Aumento en los colectivos del AMBA: cuánto sale el boleto y la brecha que se agranda con los de la Ciudad y la Provincia

Un nuevo aumento en la tarifa de los colectivos de jurisdicción nacional rige desde este miércoles. Representa el último tramo del aumento escalonado que había establecido el Gobierno nacional para las 104 líneas de colectivos que controla y operan en el Área Metropolitana de Buenos Aires (AMBA)
Se trata de un incremento del 2%, que lleva el boleto mínimo para quienes poseen la tarjeta SUBE registrada a $ 742,81, con lo que acumula una suba del 6% en el último trimestre.
De esta forma, el boleto para el tramo de 3 a 6 km cuesta $ 861,66; de 6 a 12 kilómetros $ 1.002,80; de 12 a 27 km, $ 1.151,36; y de más de 27 km $ 1.337,06.
Los incrementos rigen para las siguientes líneas nacionales: 1, 2, 8, 9, 10, 15, 17, 19, 20, 21, 22, 24, 28, 29, 31, 32, 33, 37, 41, 45, 46, 49, 51, 53, 55, 56, 57, 59, 60, 63, 67, 70, 71, 74, 75, 78, 79, 80, 85, 86, 87, 88, 91, 92, 93, 95, 96, 97, 98, 100, 101, 103, 105, 110, 111, 113, 114, 117, 119, 123, 124, 126, 127, 128, 129, 130, 133, 134, 135, 136, 140, 143, 145, 146, 148, 150, 152, 153, 154, 158, 159, 160, 161, 163, 164, 166, 168, 169, 172, 174, 176, 177, 178, 179, 180, 181, 182, 184, 185, 188, 193, 194 y 195.
Y aunque el aumento reduce la brecha con Ciudad y Provincia, no resuelve la diferencia que se agranda respecto de las 28 líneas que controla la Ciudad de Buenos Aires y las empresas provinciales, que tienen otro patrón de aumento.
Es que ambos distritos vienen aplicando, desde al año pasado, aumentos mensuales del 2% más la inflación que estiraron las diferencias que a principios de julio llevaron los mínimos a $ 820,99 en la Ciudad y a $ 1.063,98 en la Provincia.

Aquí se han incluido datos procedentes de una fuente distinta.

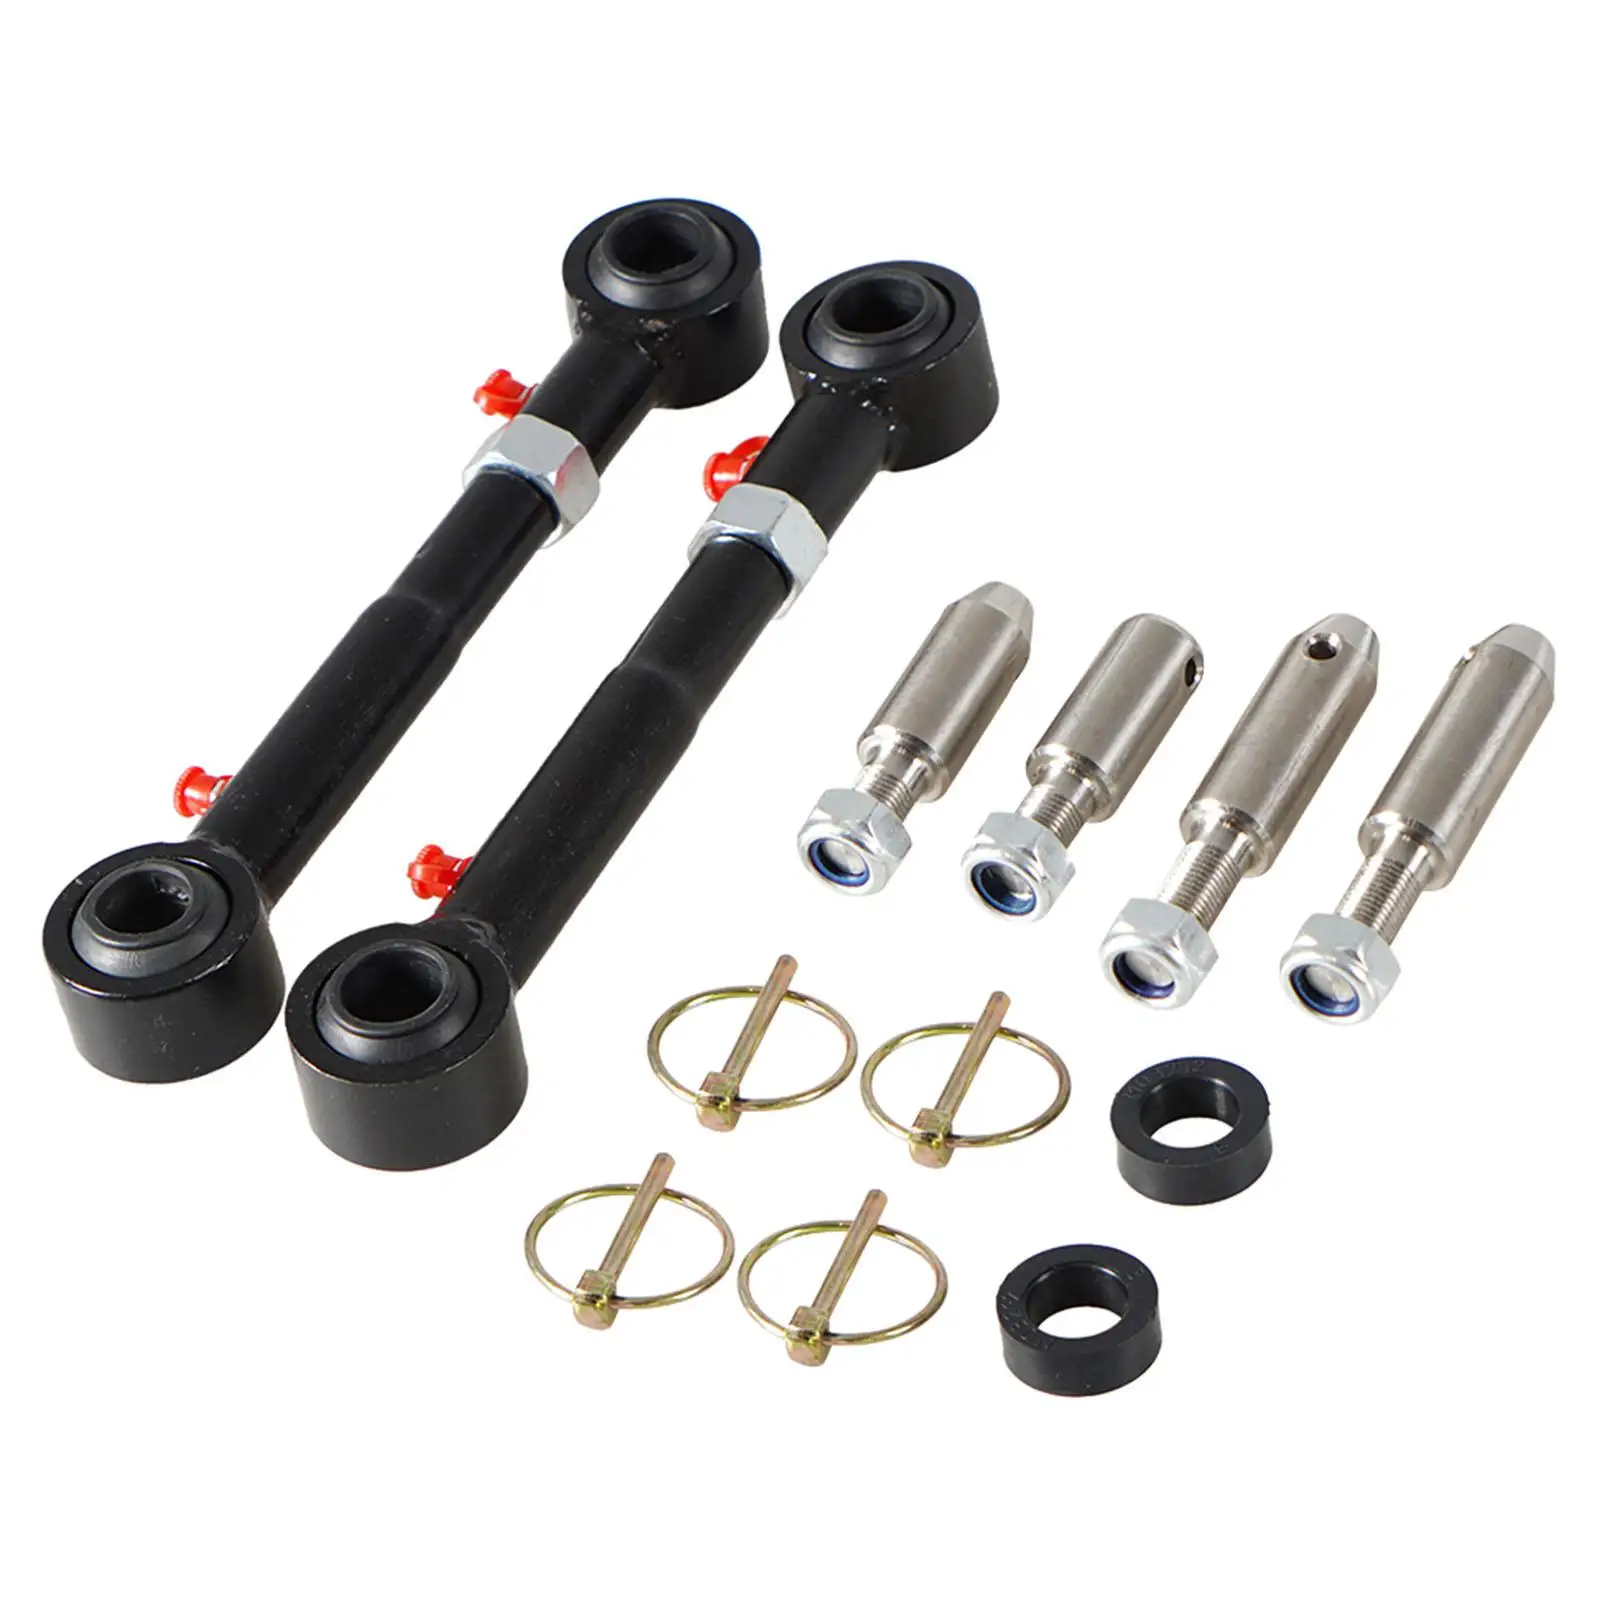 Front Sway Bar Links Disconnects Fits for Jeep Wrangler JK 2/ 2007-18

Esta diferencia se traduce en una presión desigual sobre el bolsillo de los pasajeros dependiendo de qué línea aborden para realizar un trayecto de similar distancia (0 a 3 km). Las tarifas de la Ciudad y Provincia ya habían sido ajustadas a principios de mes con subas de entre el 4,1% y el 4,3%.
Debido a la brecha que se viene extendiendo desde el año pasado, viajar en una de las 28 líneas que controla el Gobierno porteño es un 10,52% más caro que hacerlo en una línea de jurisdicción nacional. Si la comparación es con el subte, que también controla el Gobierno porteño, la diferencia se agranda a 118% respecto de los colectivos del AMBA, y es del 97,6% en comparación con el costo del boleto de los colectivos porteños.
En cuanto a los colectivos de la provincia de Buenos Aires, la brecha es más pronunciada si se los compara con los colectivos de jurisdicción nacional. Así, el boleto mínimo de los colectivos provinciales es un 43,24% más costoso que el servicio nacional recién aumentado. También hay diferencia entre los servicios de provincia y Capital: el primero es un 29,60% más caro que el segundo distrito.
Esta brecha deja en evidencia la falta de coordinación entre los distritos, sobre todo a partir de que cada jurisdicción comenzó a hacerse cargo de los costos y los subsidios de sus propias líneas. Aunque hubo intentos fallidos en las últimas décadas, y hasta se creó por ley un organismo para gestionar el transporte del Area Metropolitana, aún es una deuda de la política.
Respecto de los trenes, cuya política tarifaria está a cargo del Gobierno nacional, desde el 1° de julio los servicios metropolitanos (líneas Sarmiento, Roca, Mitre, San Martín, Belgrano Sur, Belgrano Norte y Urquiza) subieron $ 380 (incremento del 9%) para los viajes más baratos. Para quienes no tengan la tarjeta SUBE registrada la tarifa es el doble ($ 760), mientras que el boleto abonado en efectivo cuesta $ 1.400 en cualquier tramo. Para quienes viajen dos secciones el boleto sale $ 530 y los trayectos más largos $ 660.
La tarifa volverá a aumentar, según está previsto, en agosto, cuando el mínimo se irá a $ 480, y habrá otro incremento en septiembre, que llevará los viajes más cortos y con SUBE registrada a $ 530.